### Required action
As you reproduce every line below, keep it exactly as written and leave out the images.

Information supplied Block Start

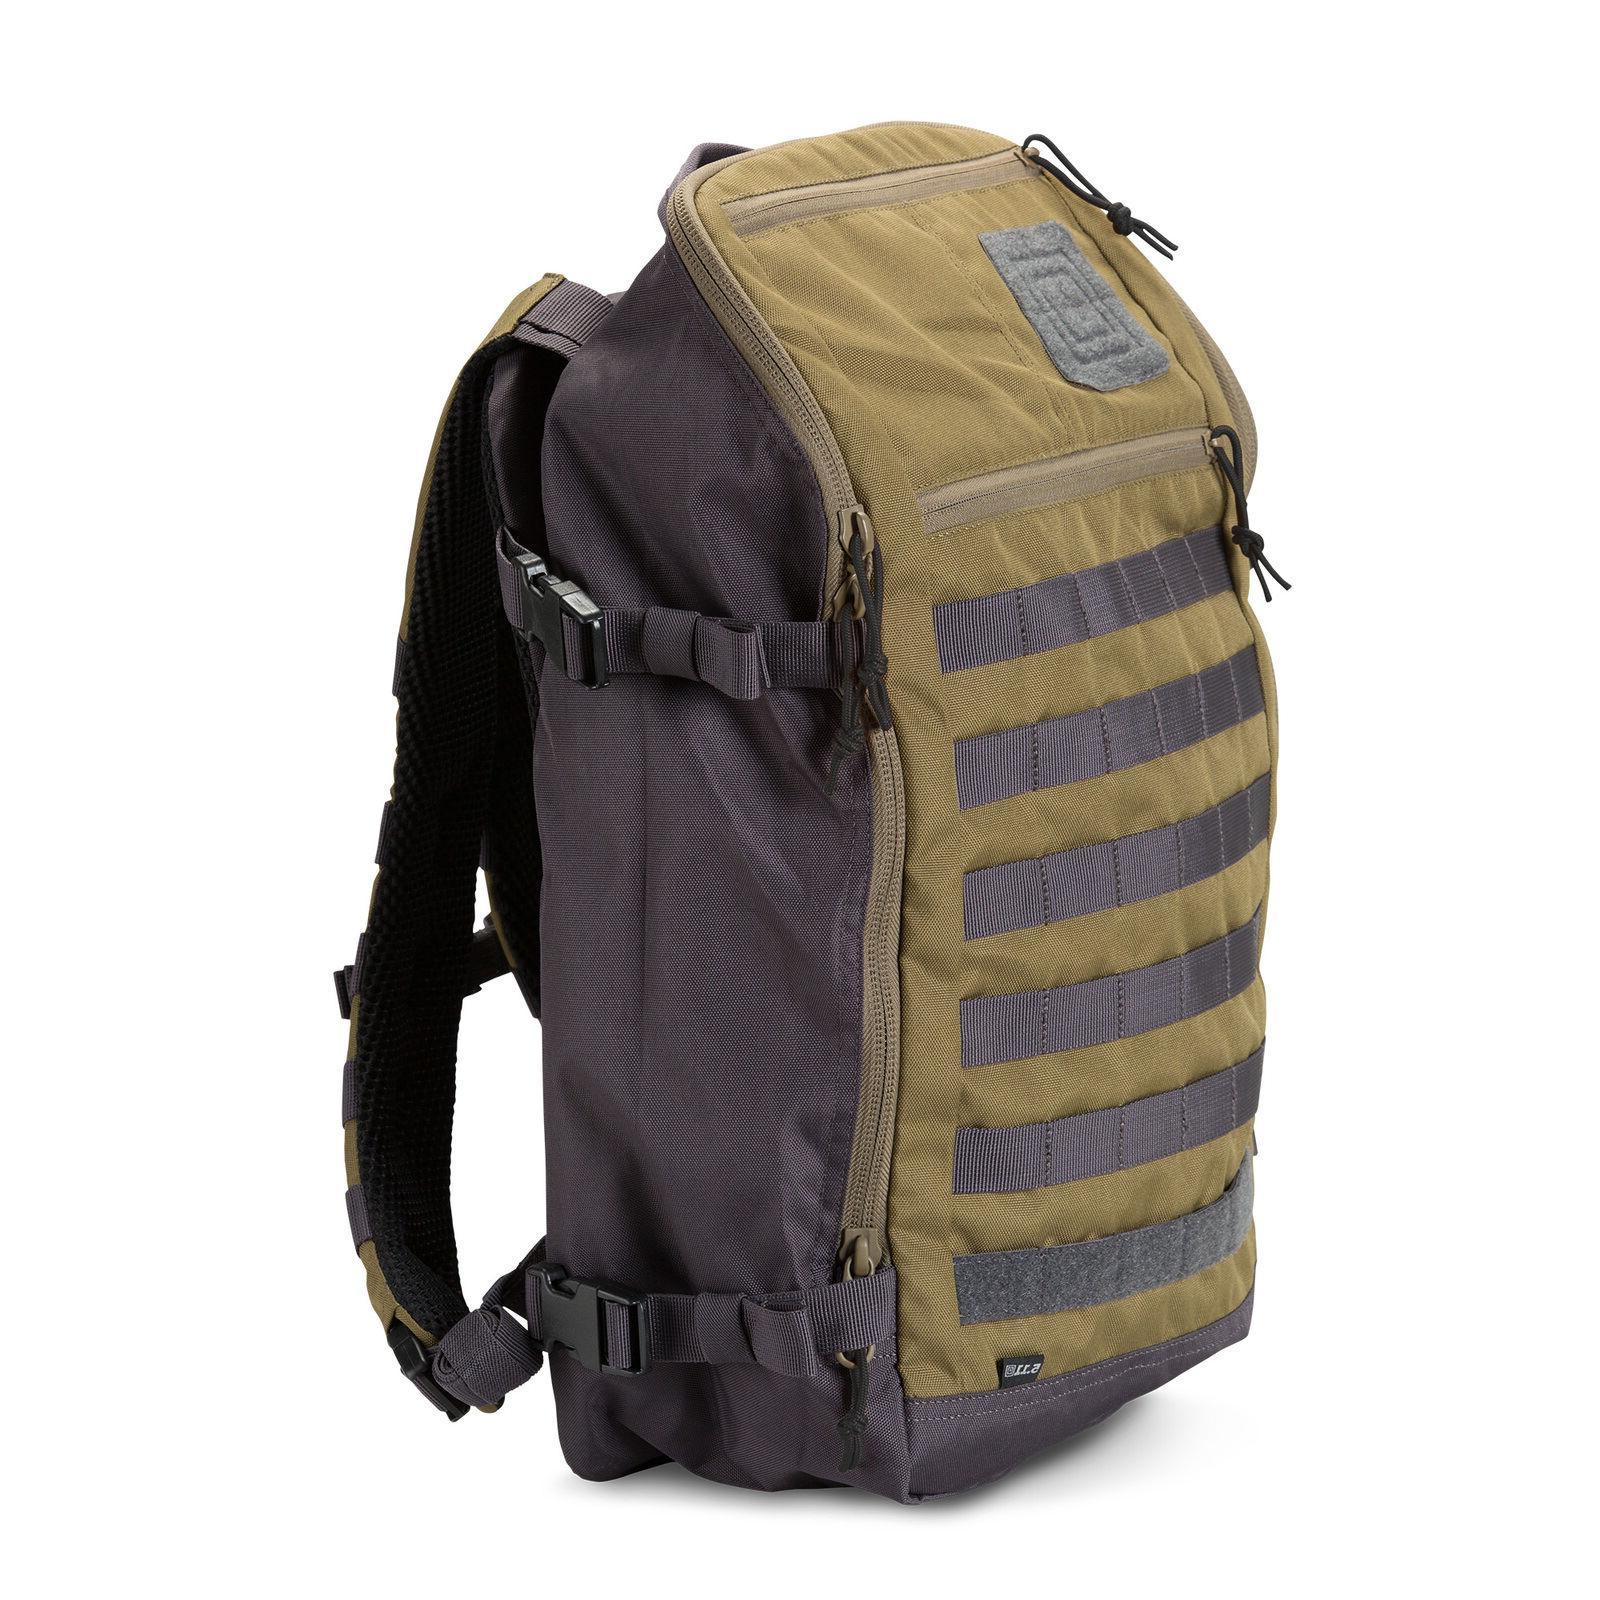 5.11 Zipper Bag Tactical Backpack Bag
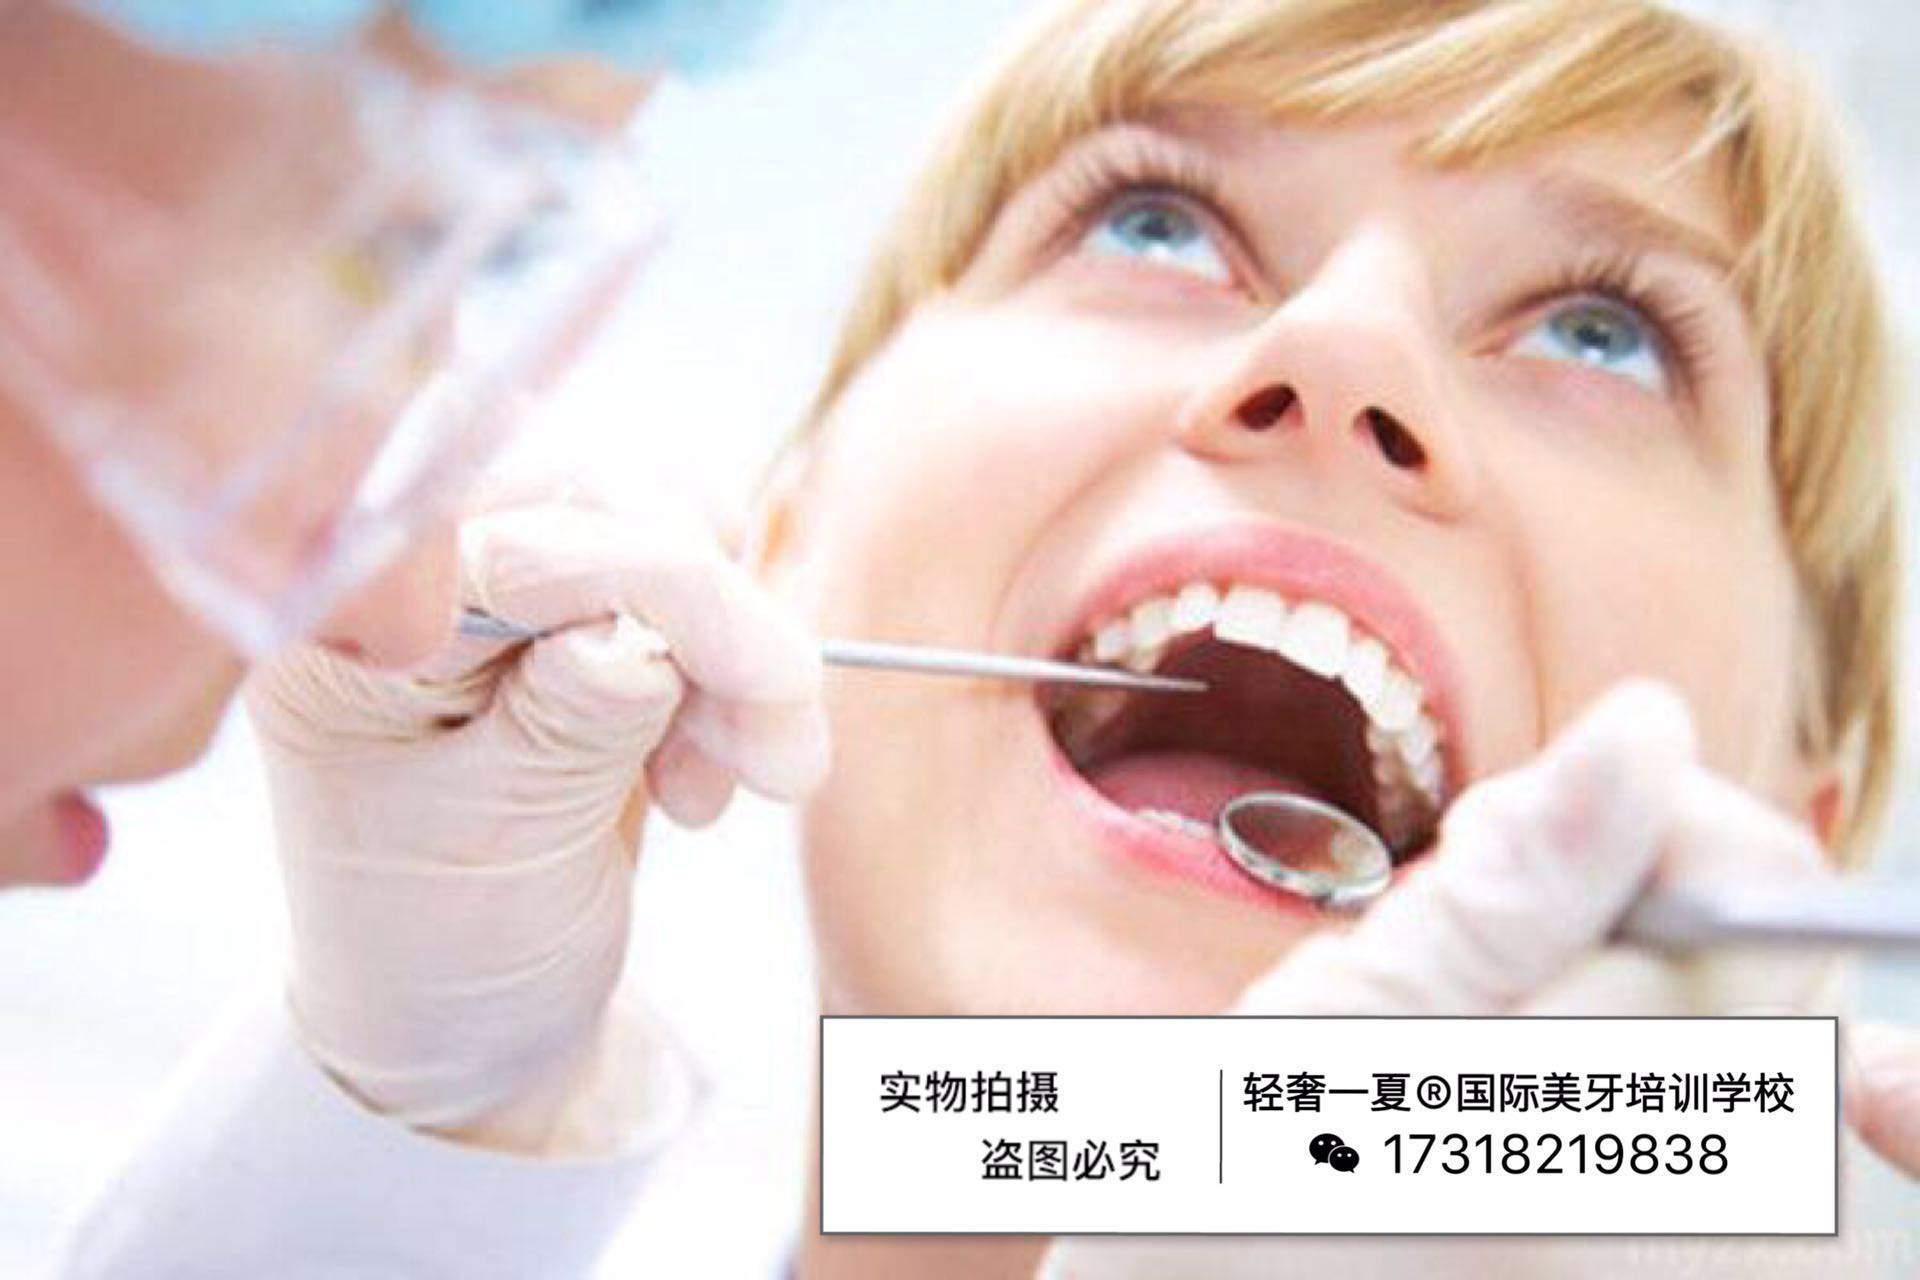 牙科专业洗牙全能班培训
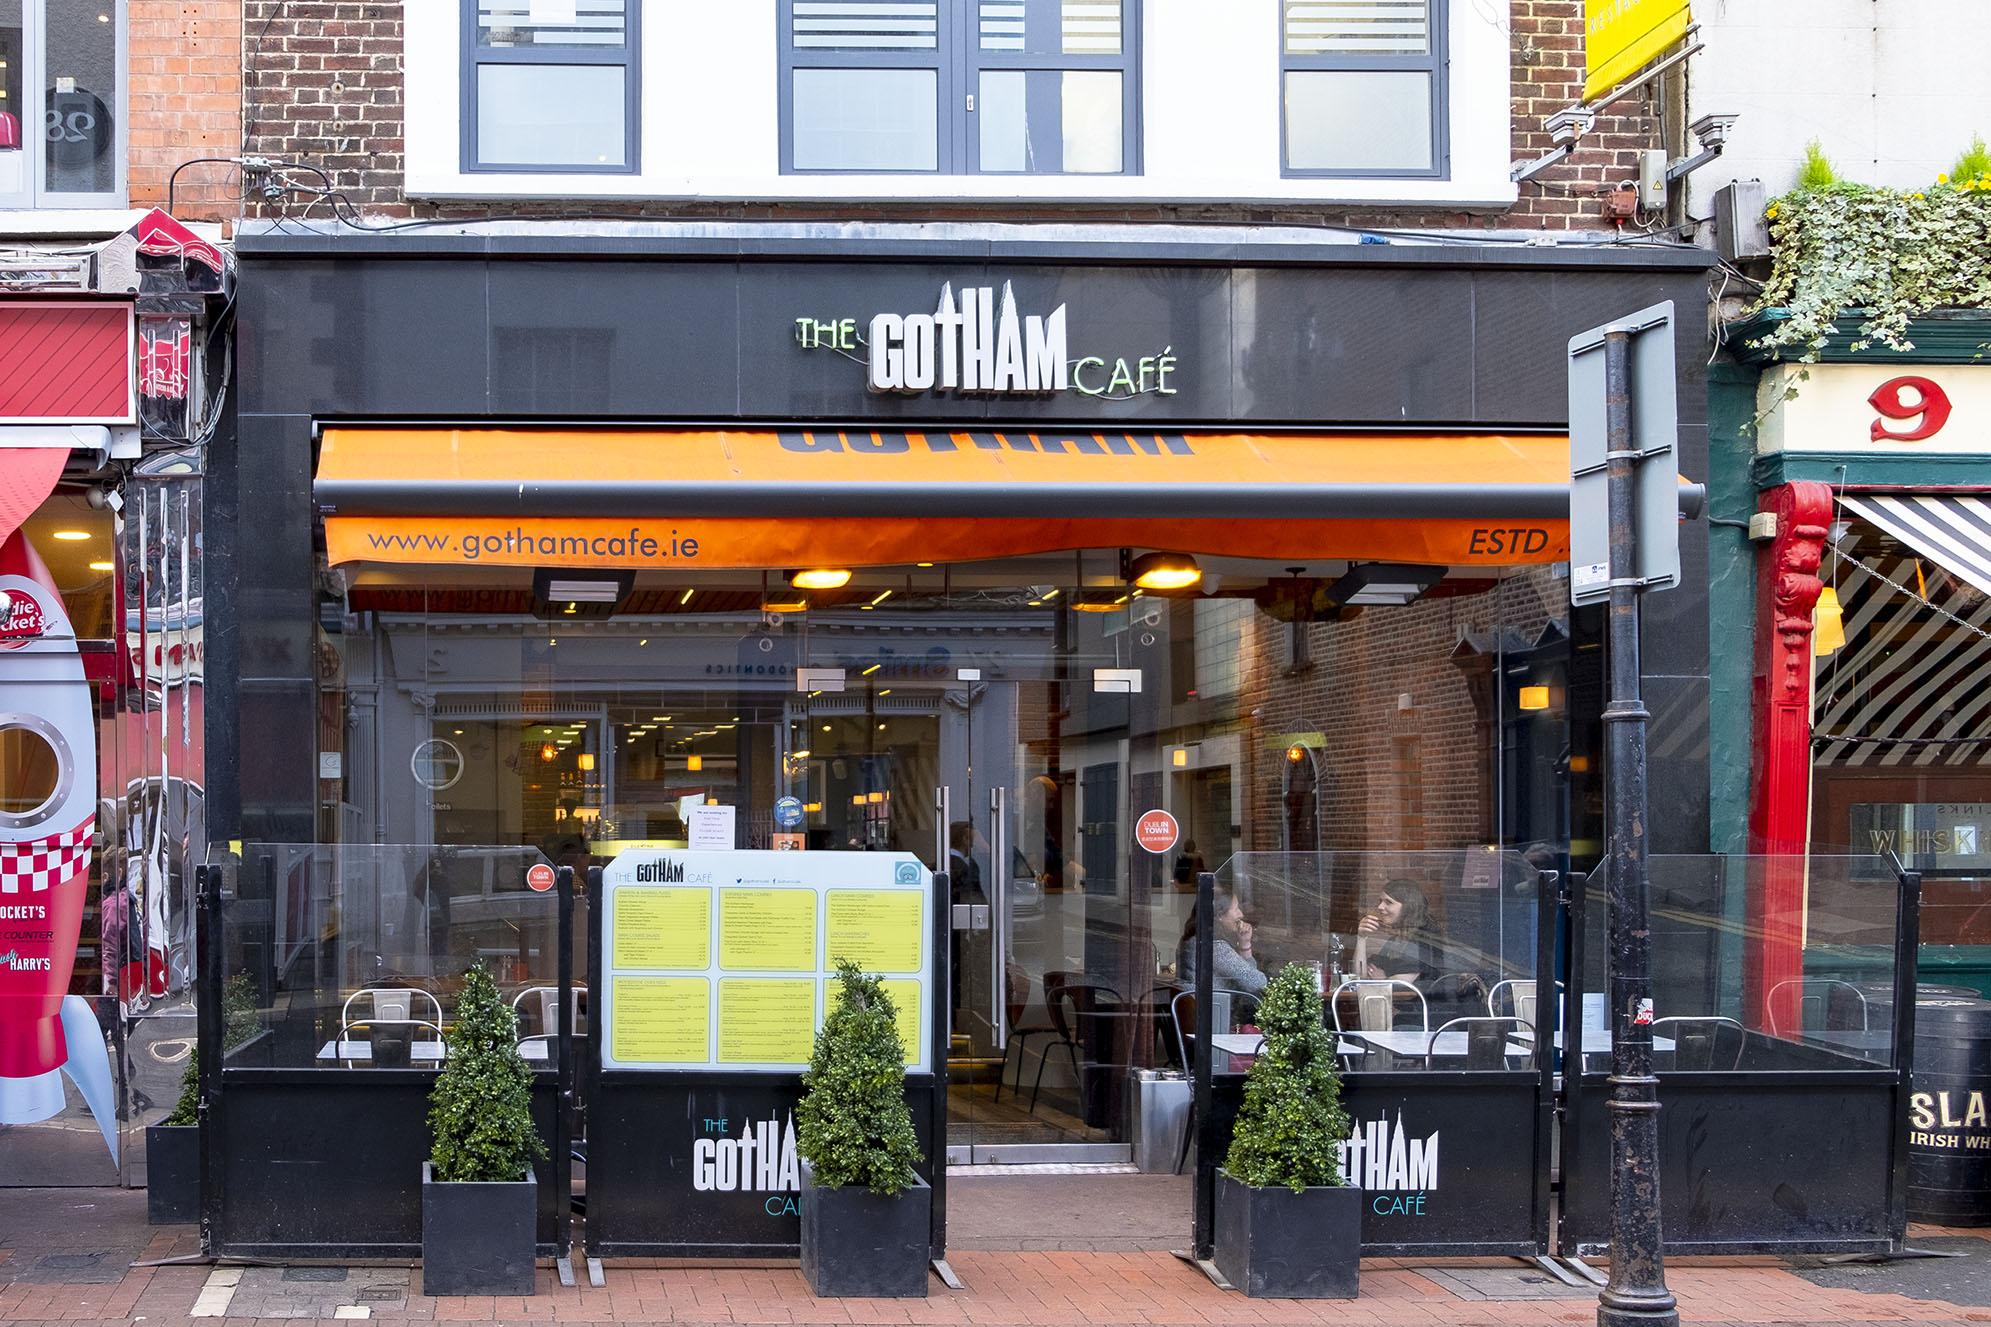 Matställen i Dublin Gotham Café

Information supplied Block End

### Answer space
 5.11 Zipper Bag Tactical Backpack Bag
 牙科专业洗牙全能班培训
 Matställen i Dublin Gotham Café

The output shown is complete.